| COLLECTED DATA |
──────────────────────────────
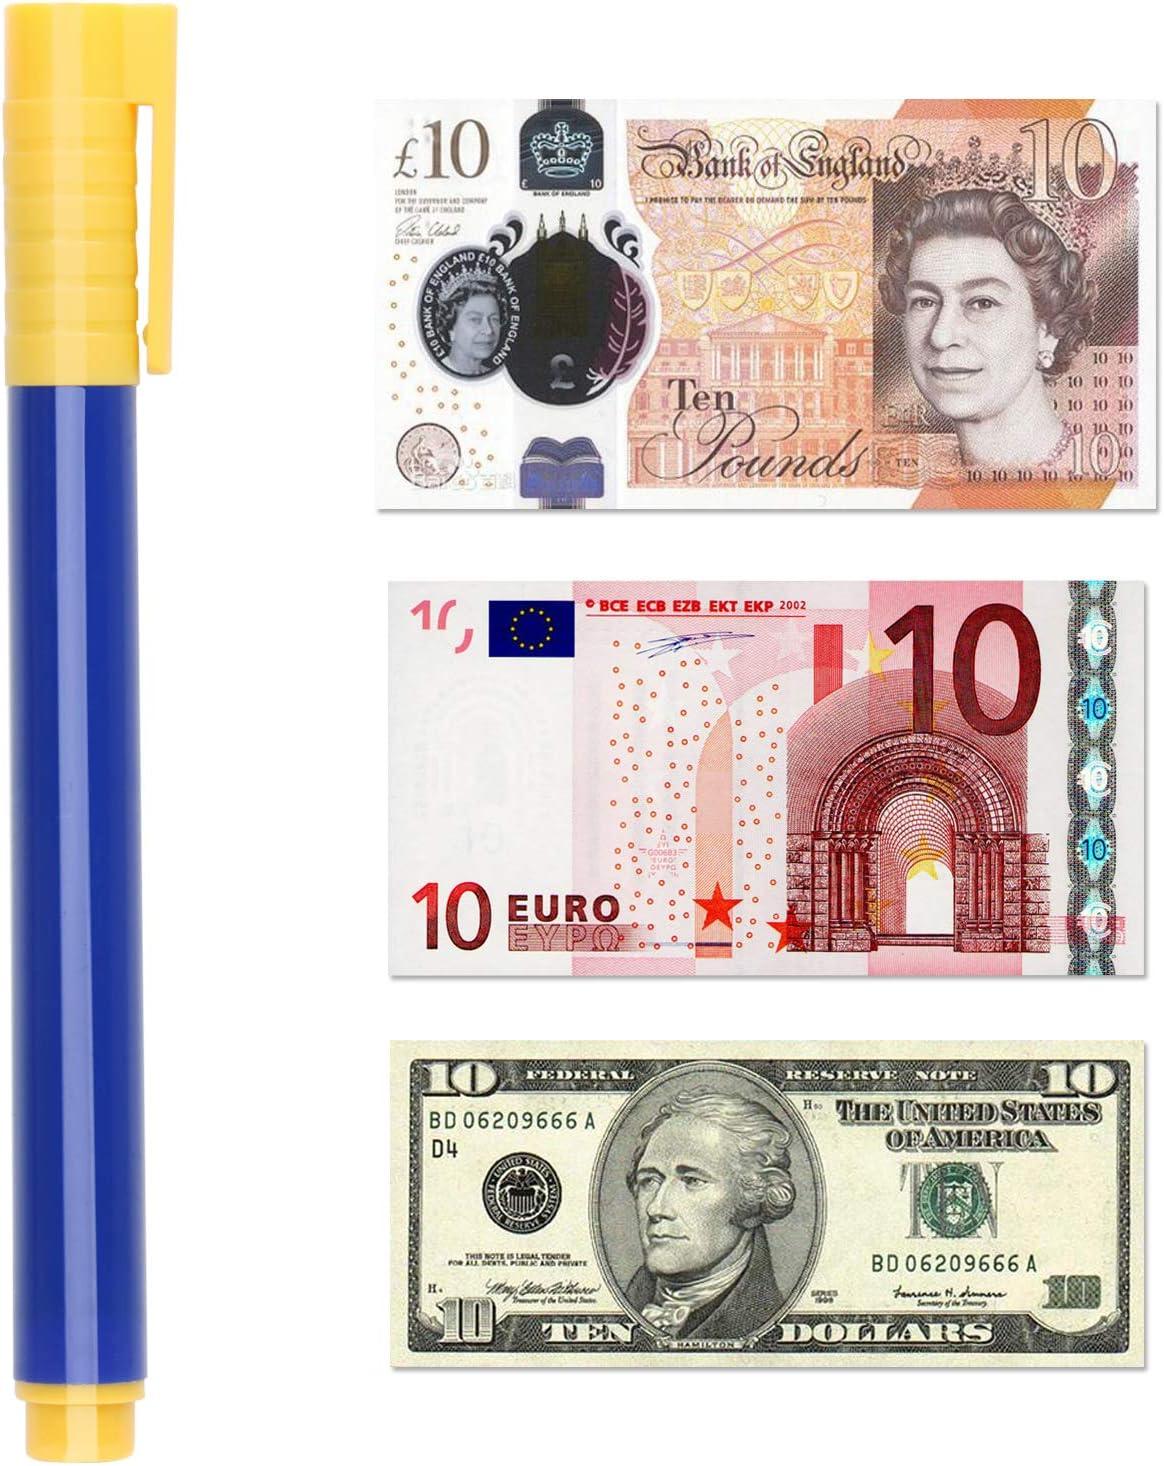 Schneider Fake Currency Notes Detector Counterfit Money Cash Checker Pen
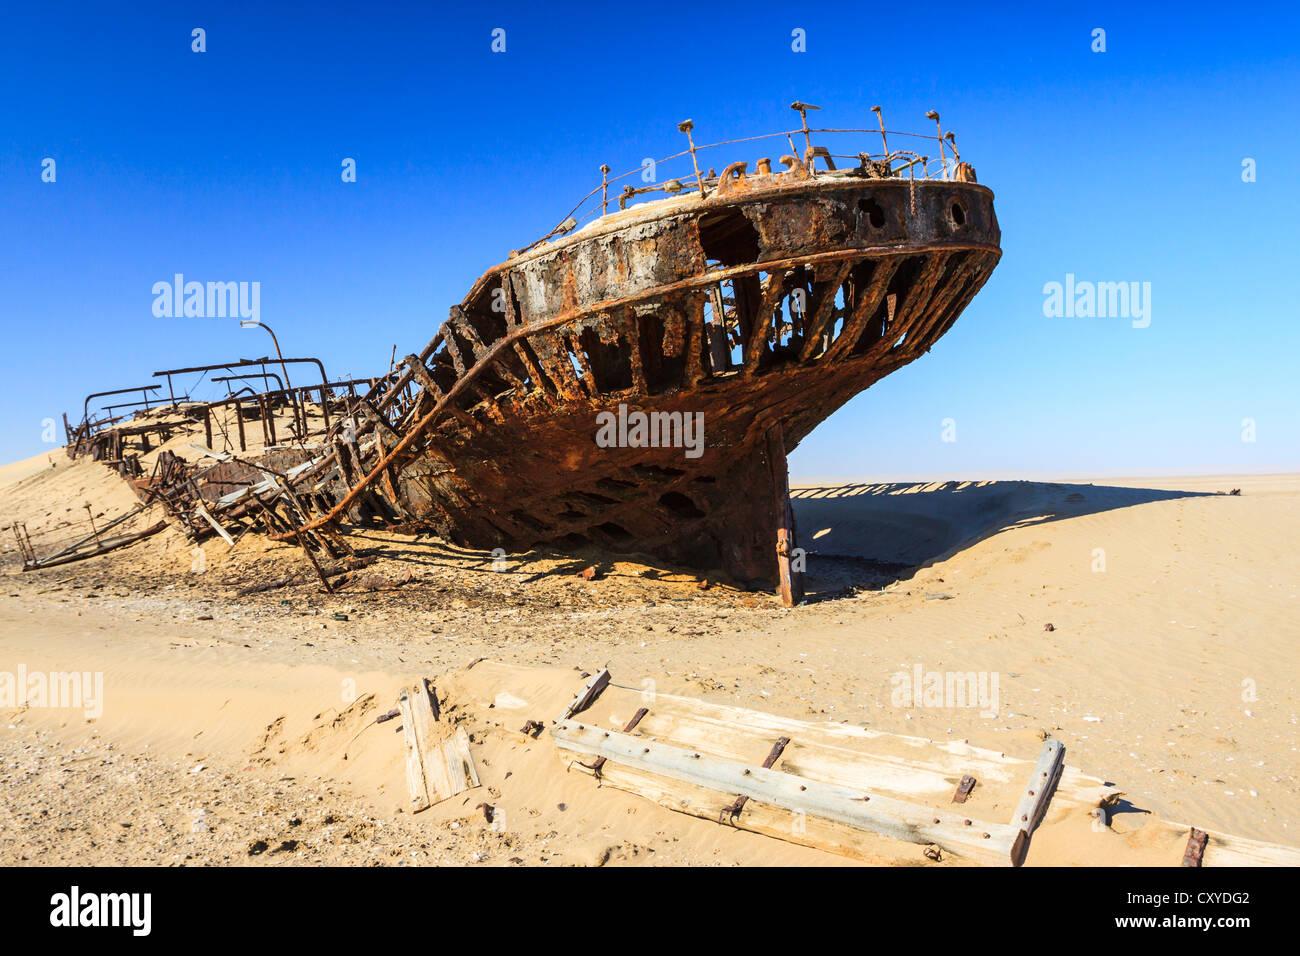 Eduard Bohlen Naufrage, Désert du Namib, le Namib Naukluft Park, Namibie, Afrique Photo Stock
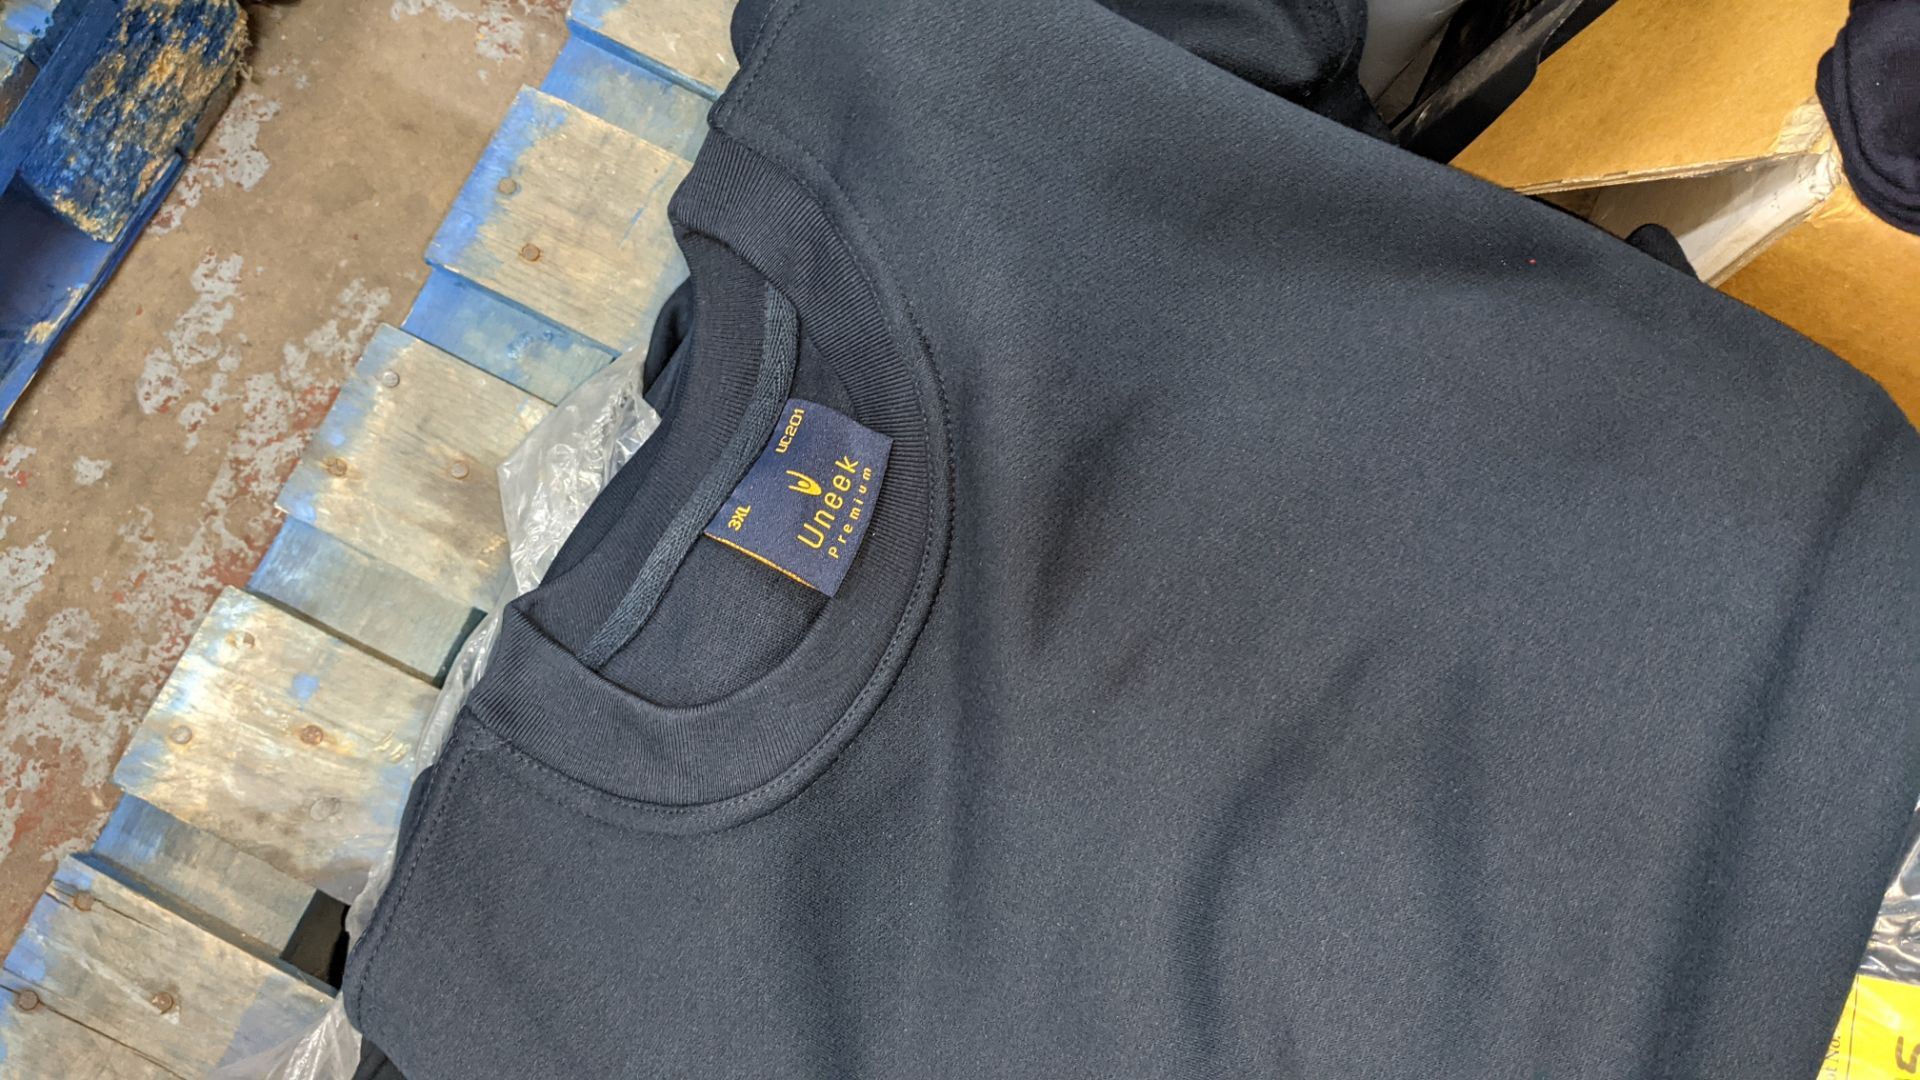 Approx 15 off Uneek dark blue sweatshirts - 2 bags - Image 4 of 5
──────────────────────────────
| ACTION ITEM |
Setting the pictures aside, return exactly the lines from the line with "Eduard Bohlen Naufrage, Désert" through the last line of the listing above.

| EXERCISE RESPONSE |
 Eduard Bohlen Naufrage, Désert du Namib, le Namib Naukluft Park, Namibie, Afrique Photo Stock
 Approx 15 off Uneek dark blue sweatshirts - 2 bags - Image 4 of 5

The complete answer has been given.